At the top of Vardenyats Pass we stopped to visit the 14th century Orbelian caravanserai, one of the most significant historical landmarks in Armenia. It was an important stop on the silk road and for travellers through the Mongol Empire. Although it did have some restoration in the 1950s, it is in much more of its original state than many caravanserai’s I have seen.
It was very dark inside lit only by small openings in the ceiling, with piles of snow on the ground (that had come through said small openings in the ceiling), and not surprisingly it was cold! It was clear to see where the people and animals would rest in the large hall but it can not have been comfortable!


The views from the site were beautiful, but what really made this visit was the old caretaker of the site and his wife, who were parked up nearby, selling treasures from their Lada. They had alcohol, jams, honey, fridge magnets, knives, jewellery – most of which were handmade. Of course, they insisted that we try everything but would not take any money for it so I pulled out a fridge magnet to give them but this resulted in them giving me a New Zealand fridge magnet in return! I am not sure how they would ever make any money but they certainly made our visit.
As we continued on through the mountain pass there were a lot of people parked up by the side of the road collecting herbs that they would then sell on the side of the road somewhere, normally out the back of a Lada!
We also passed something I had never seen or heard of before – anti-hail stations. Apparently, hail is a big problem for farmers, regularly damaging crops (sometimes leading to total loss of a season) so dotted around the country side are Zenith Hail Busters. These hail suppression systems can identify potential hail bearing clouds and automatically send a high powered, vertically propagating shock waves in to the atmosphere that impact the structure of the clouds reducing the likelihood of hail.

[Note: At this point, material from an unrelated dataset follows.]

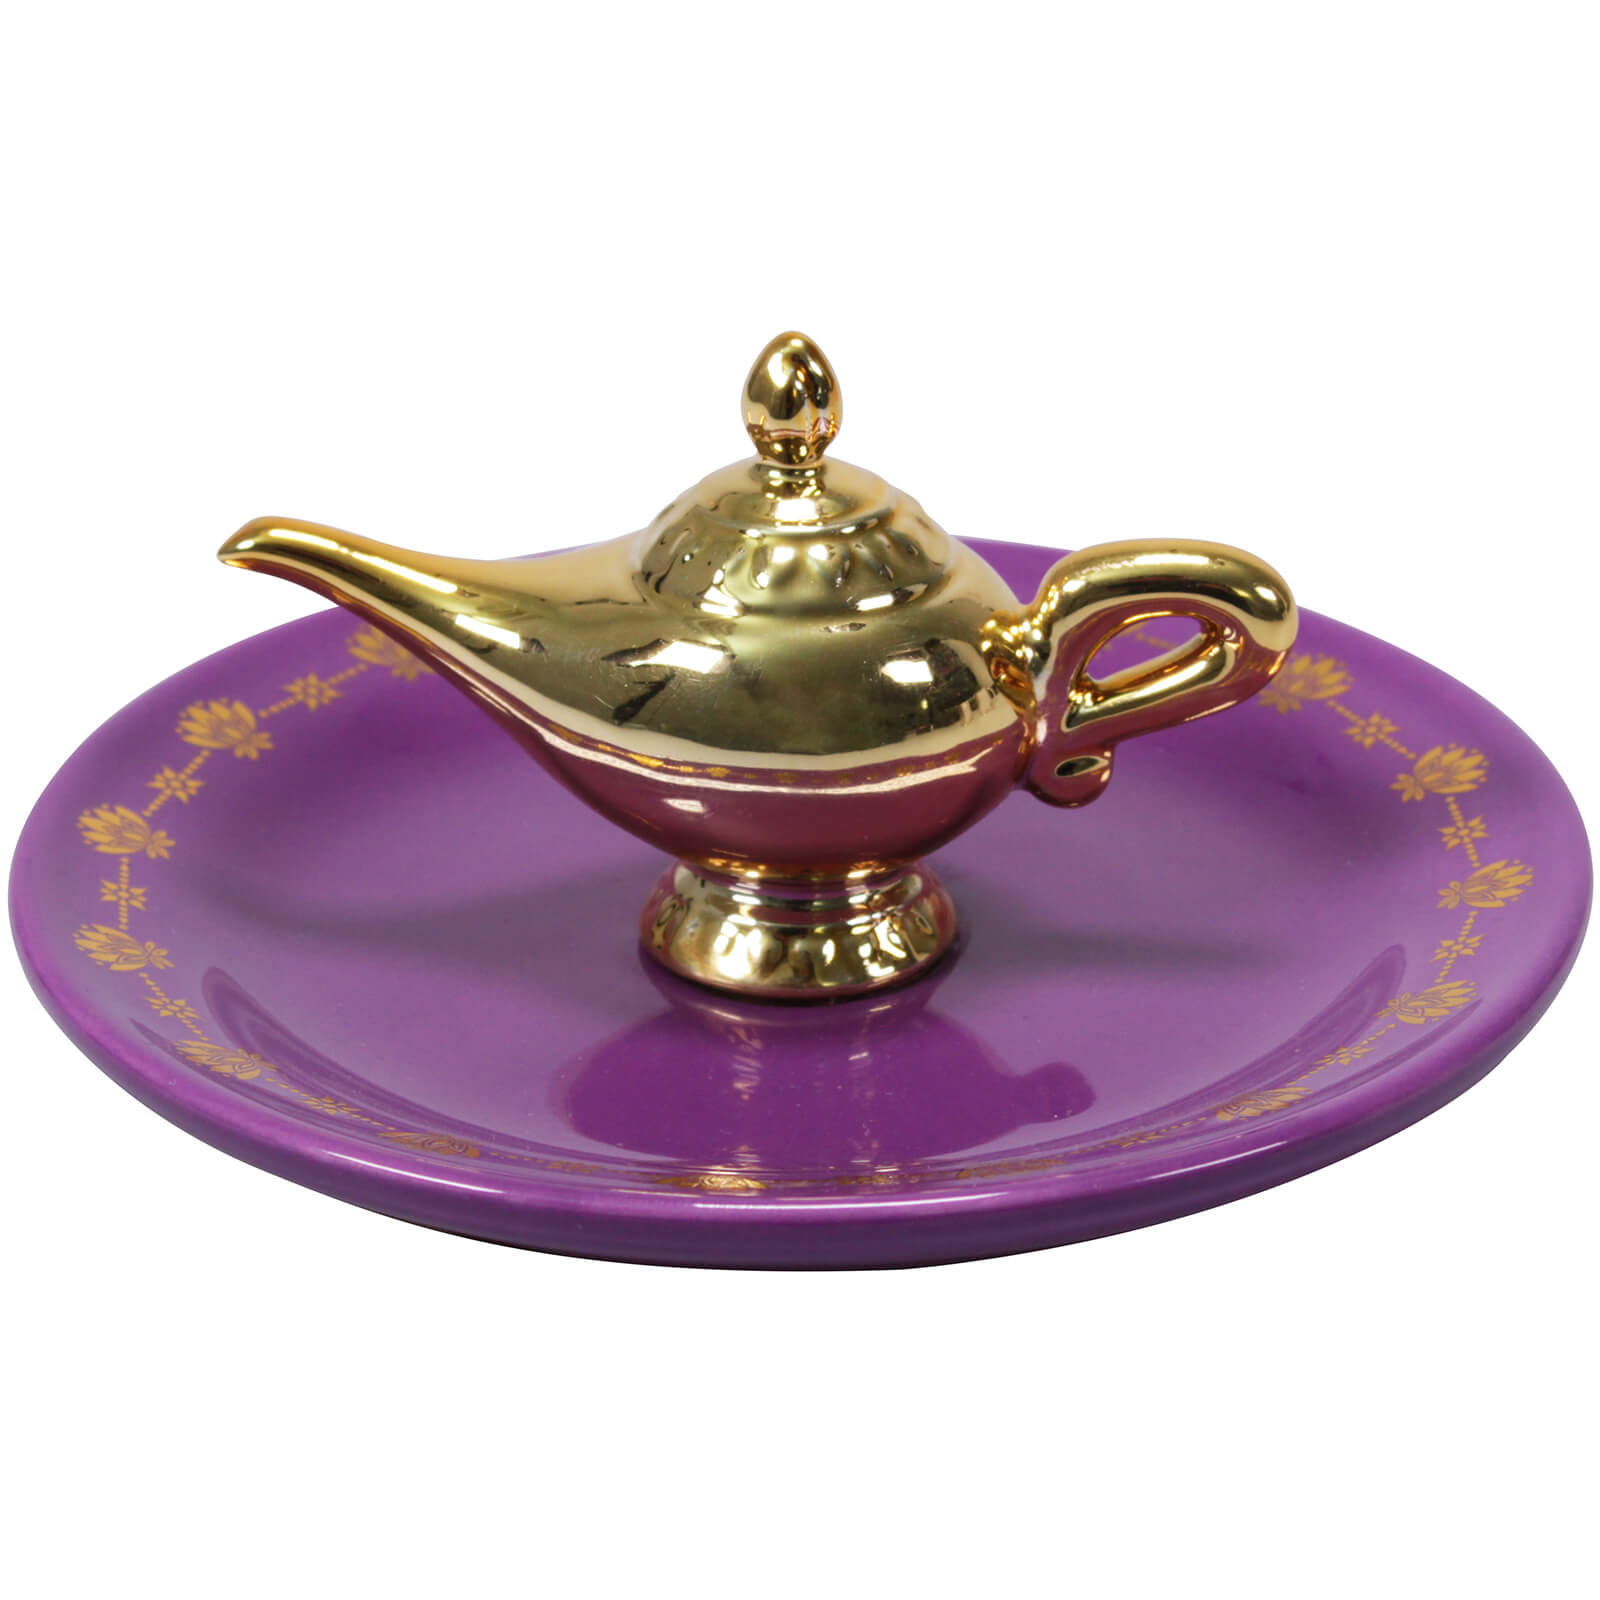 Image of Aladdin Lamp Accessory Dish
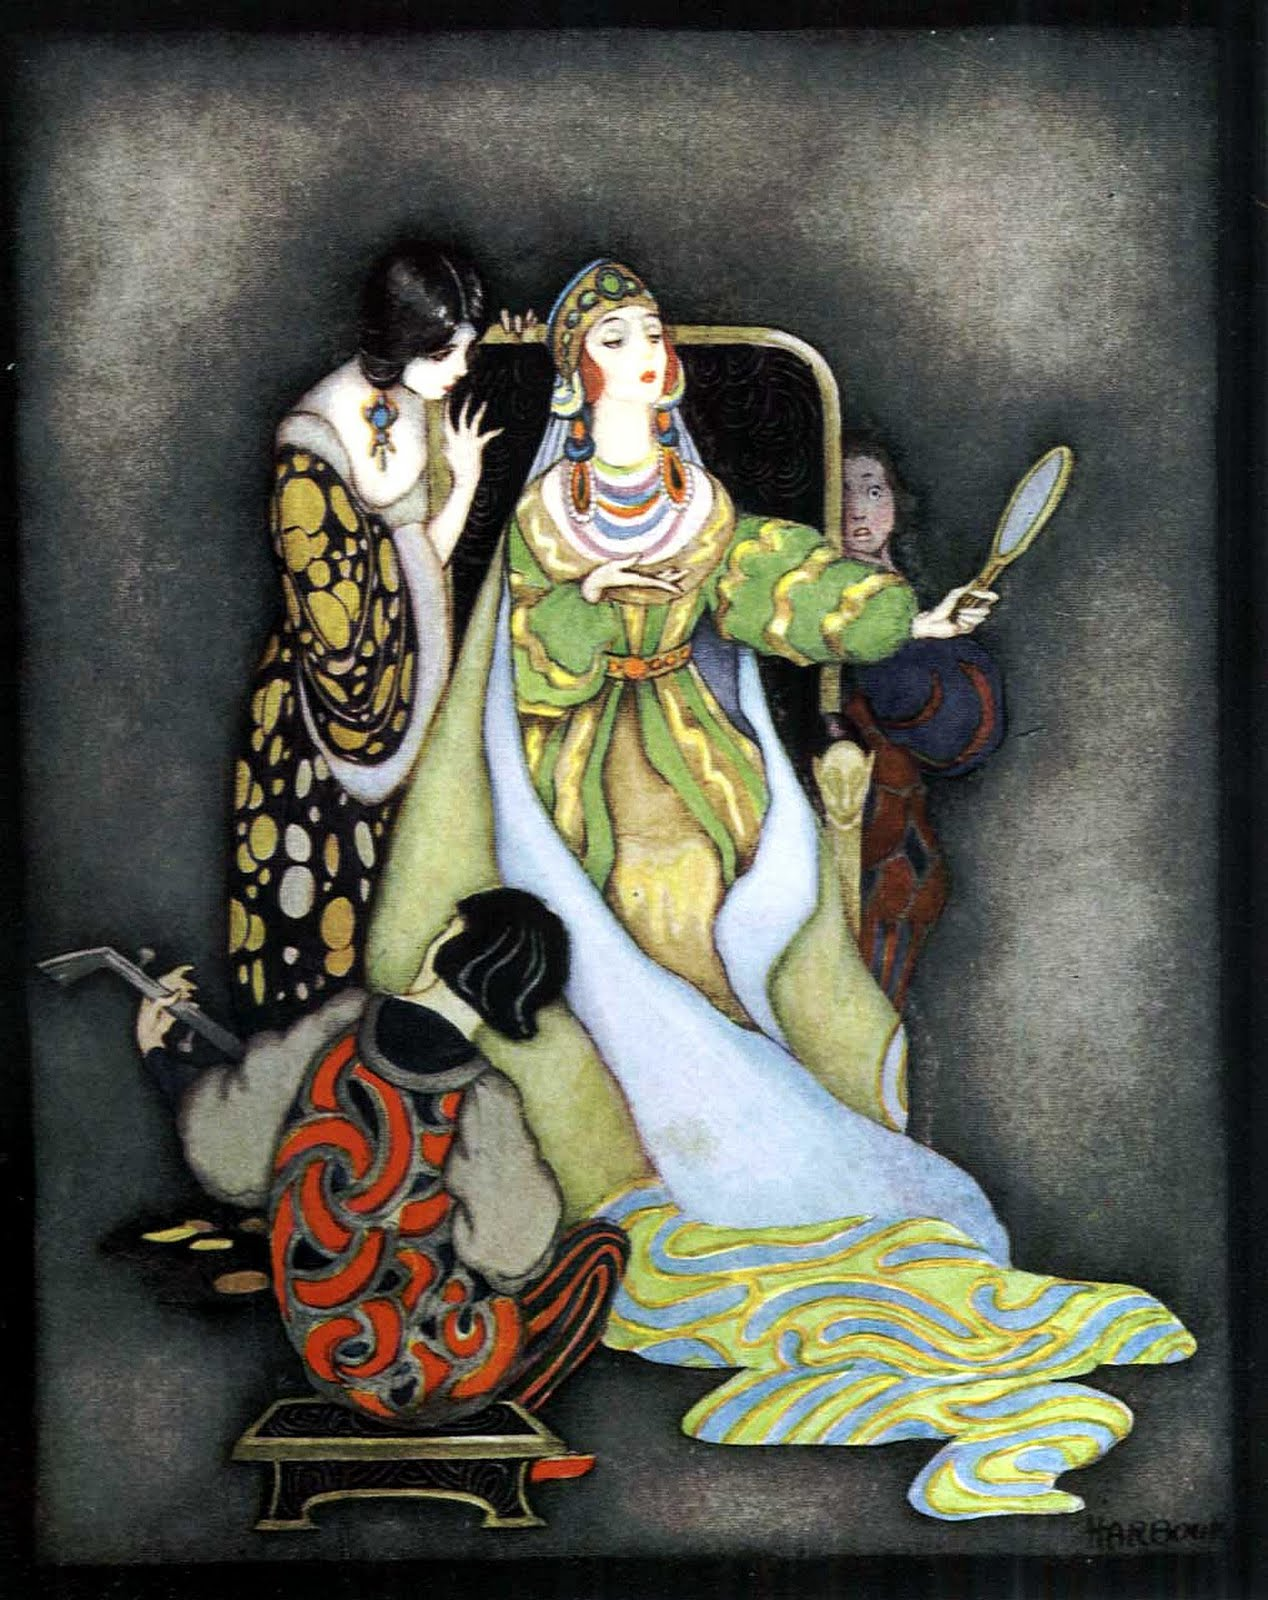 1 Vredenburg, Eric, editor. My Book of Favourite Fairy Tales. Jennie Harbour, illustrator. London Raphael Tuck _ Sons, 1921

Coincidently, as we drove passed one of the Hail Busters, we looked back to see an incredible storm forming over the mountains behind us – amazing clouds, thunder and lightning. It was so impressive we had to stop for some photos. Levon was so keen for a photo he pulled over, left the car running and ran off down the road to get the best view. This was the first of his attempts to run away from us and this became a bit of a ‘running’ joke lol. (As was getting his finger in our photos lol.)
It was spectacular driving through the amazing mountain gorges and through the small farming communities which looked like they have not changes since the Soviet era and the rain finally caught up with us just as we arrived in Jermuk, where we were to spend the night. We did have to brave the rain to see the Jermuk waterfall, apparently one of the highest in Armenia (at 70m high). I must admit the waterfall itself was slightly underwhelming but there is an interesting legend behind the local name “Mermaids Hair”.

There was a princess who loved a son of a shepherd and to meet him (which she had to do in secret) she would throw a rope down the river gorge for him to climb up. When her father found out, he cursed her and said if she ever met him again she would be turned into a mermaid and never be able to leave the water. She defied her father, began a mermaid and her hair now flows down the gorge!
As we drove in to Jermuk, it appeared somewhat post-apocalyptic, with lots of abandoned buildings (mostly Soviet era) and the view from my hotel room was of a lovely little lake and massive abandoned Soviet music hall!
Being cold and wet we did not want to go far for dinner so ended up in the hotel restaurant. The menu was HUGE, but Levon recommended Harisa, a traditional dish that was like a chicken and wheat porridge. Thankfully it tasted much better than it sounds and looked! We also could not go wrong with a local khachapuri with beef and cheese – they are more like pizzas here but still delicious.